(Your assignment)
Among the records below, find the line that has "Condition: good"; from there, give the lines again exactly, and stop after the line that has "The pictures serve as part of the".

(Input data)
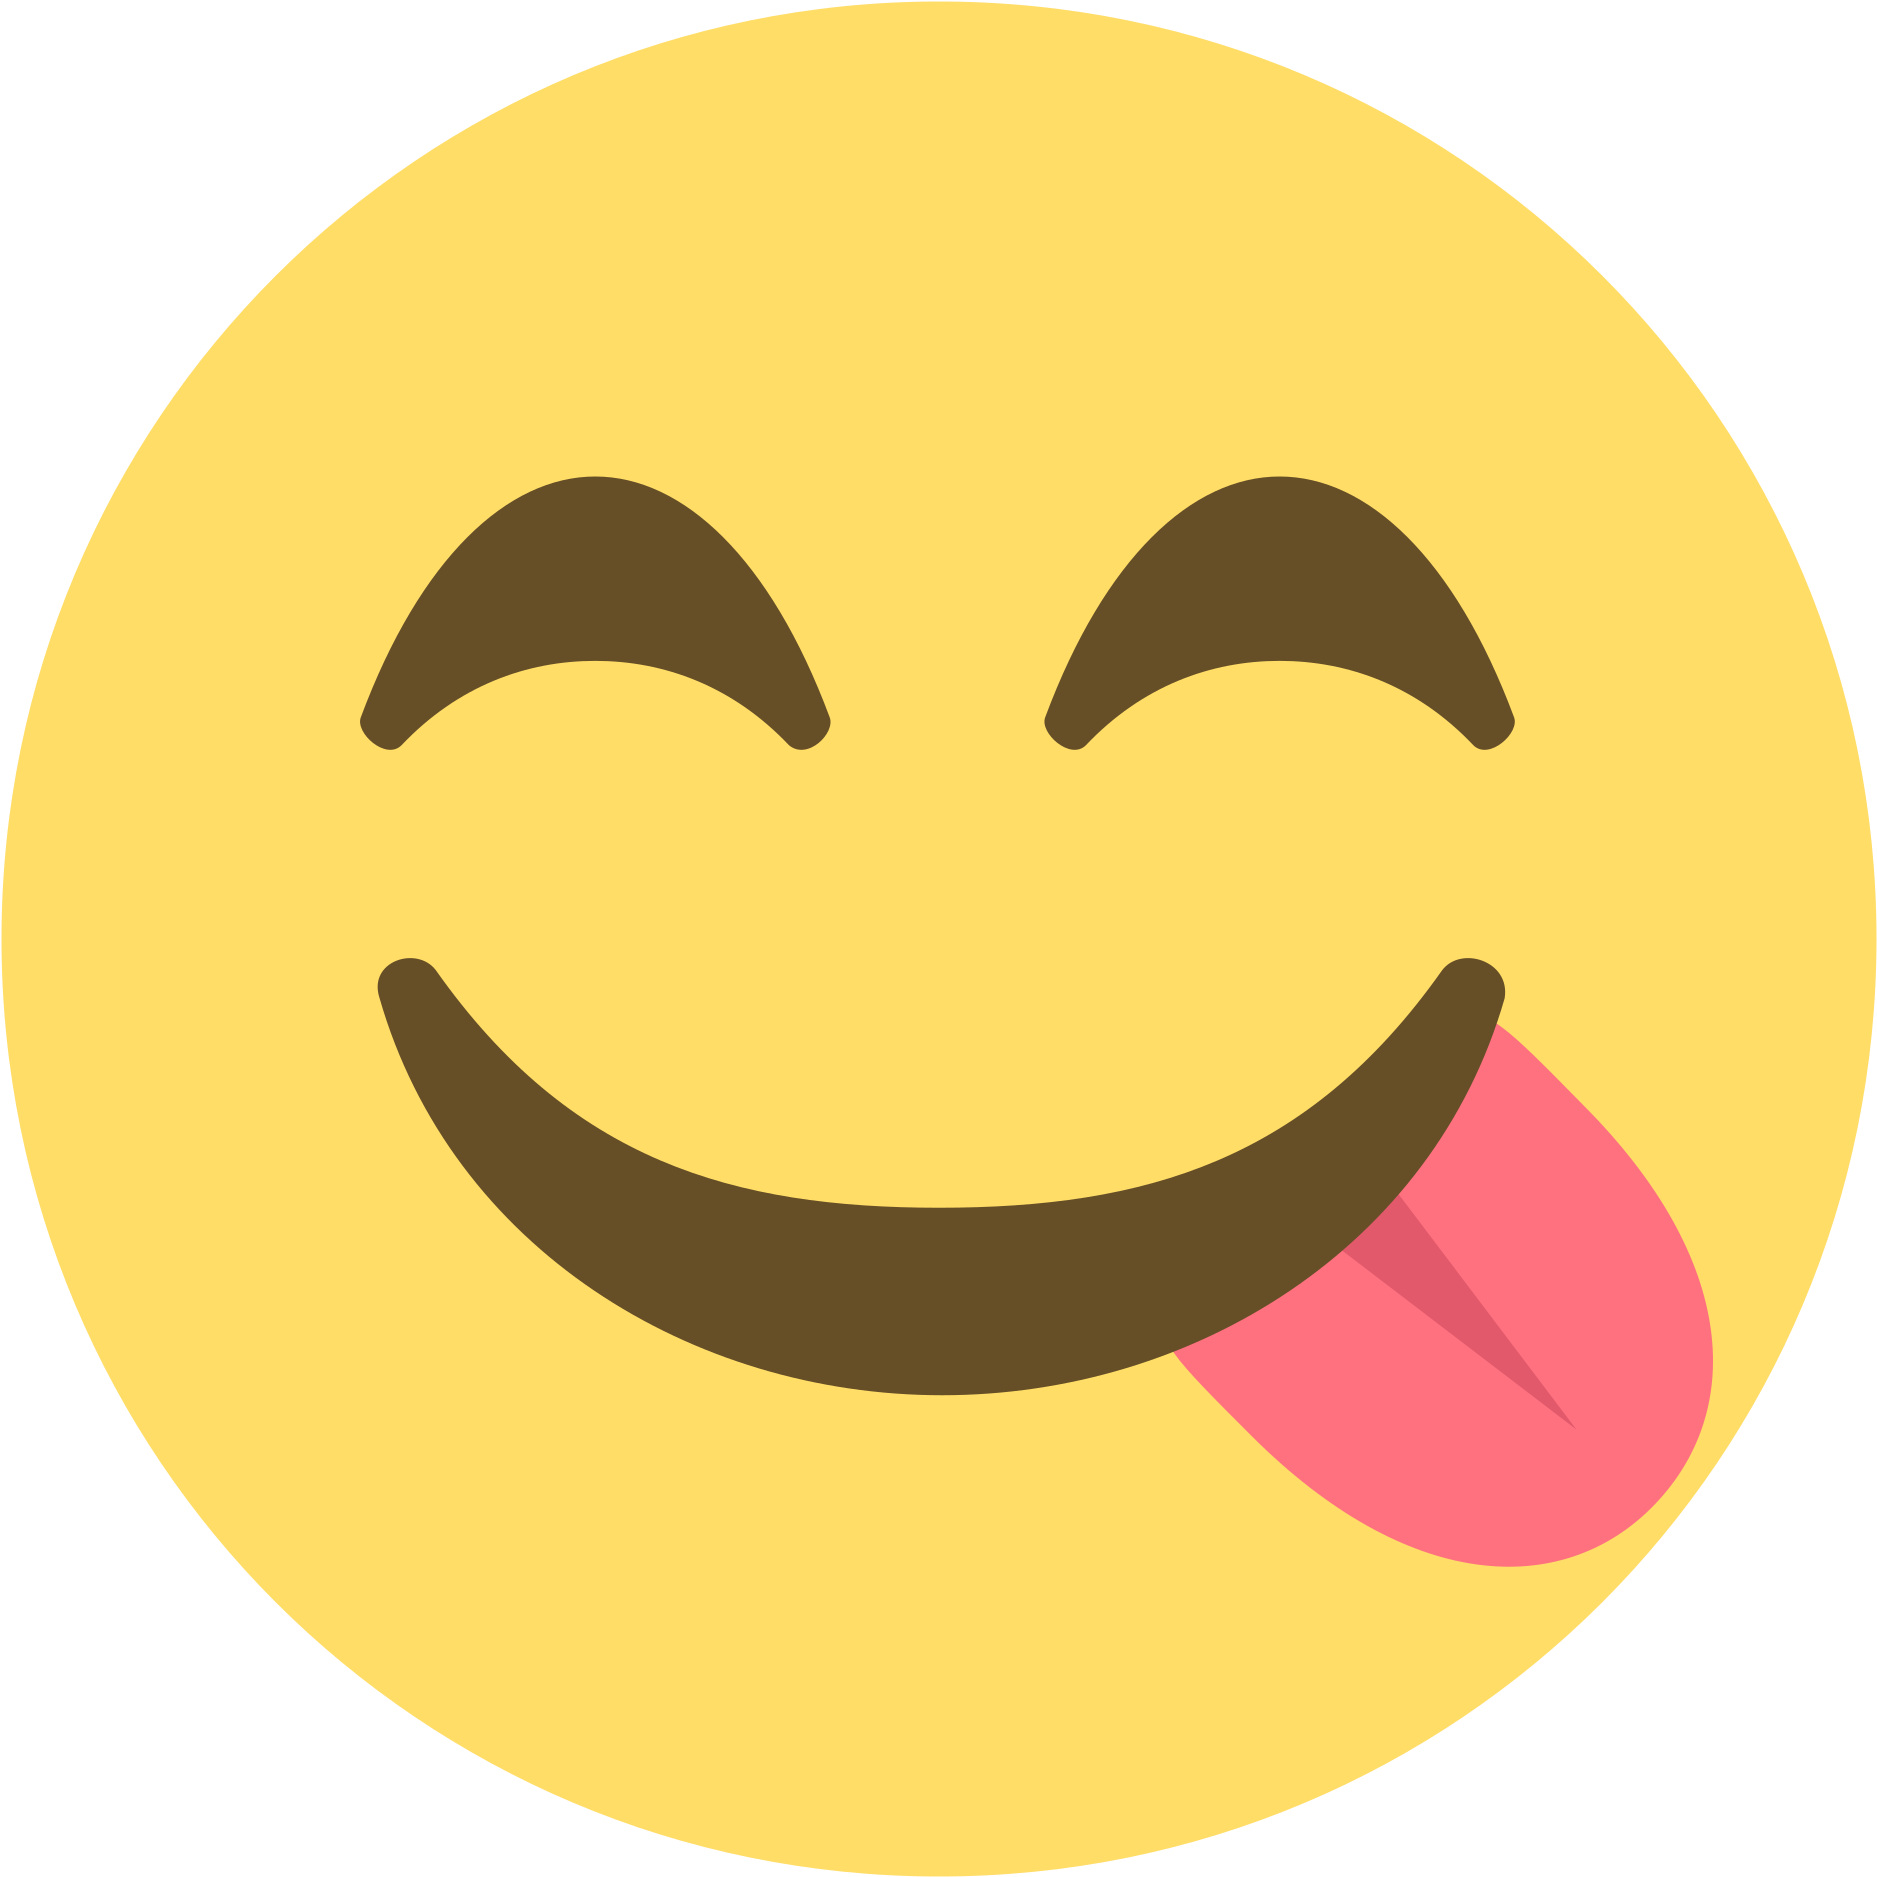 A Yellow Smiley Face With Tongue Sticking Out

---

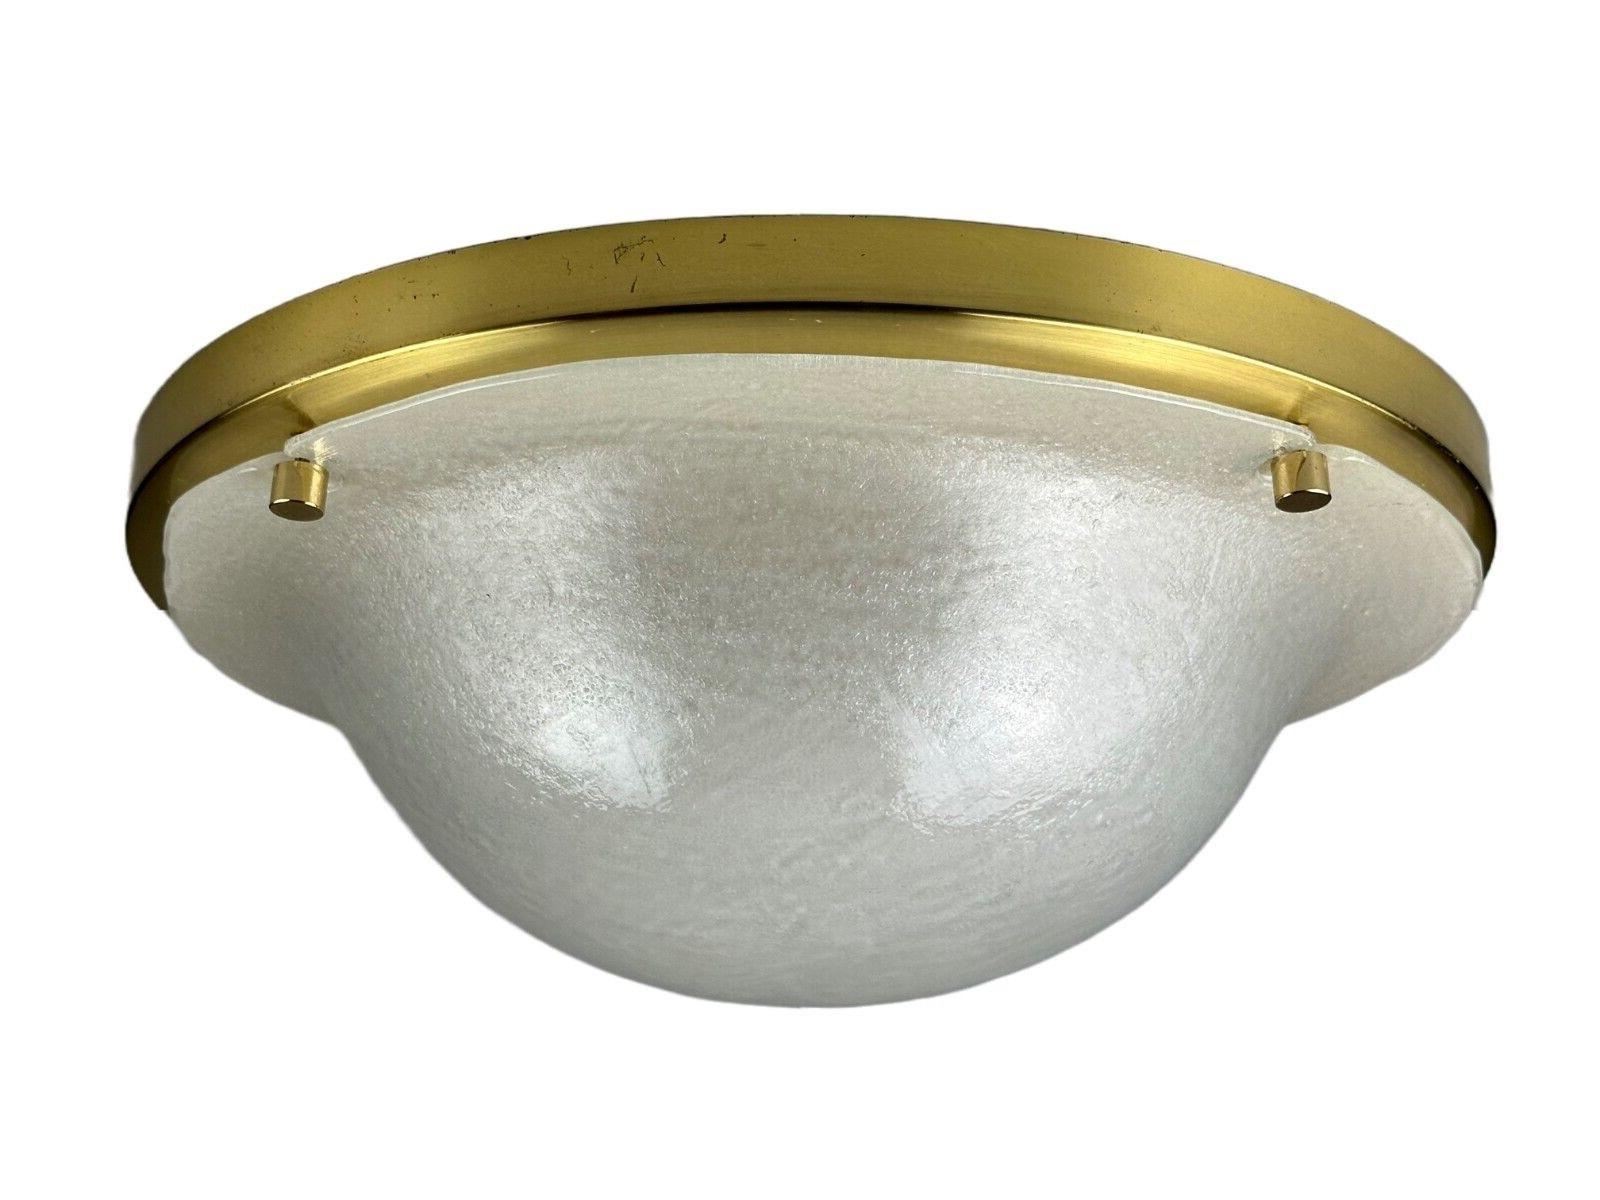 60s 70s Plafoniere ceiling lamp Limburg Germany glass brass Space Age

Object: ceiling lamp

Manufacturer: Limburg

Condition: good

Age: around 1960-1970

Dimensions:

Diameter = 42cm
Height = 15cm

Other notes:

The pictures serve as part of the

(Written answer)
Condition: good

Age: around 1960-1970

Dimensions:

Diameter = 42cm
Height = 15cm

Other notes:

The pictures serve as part of the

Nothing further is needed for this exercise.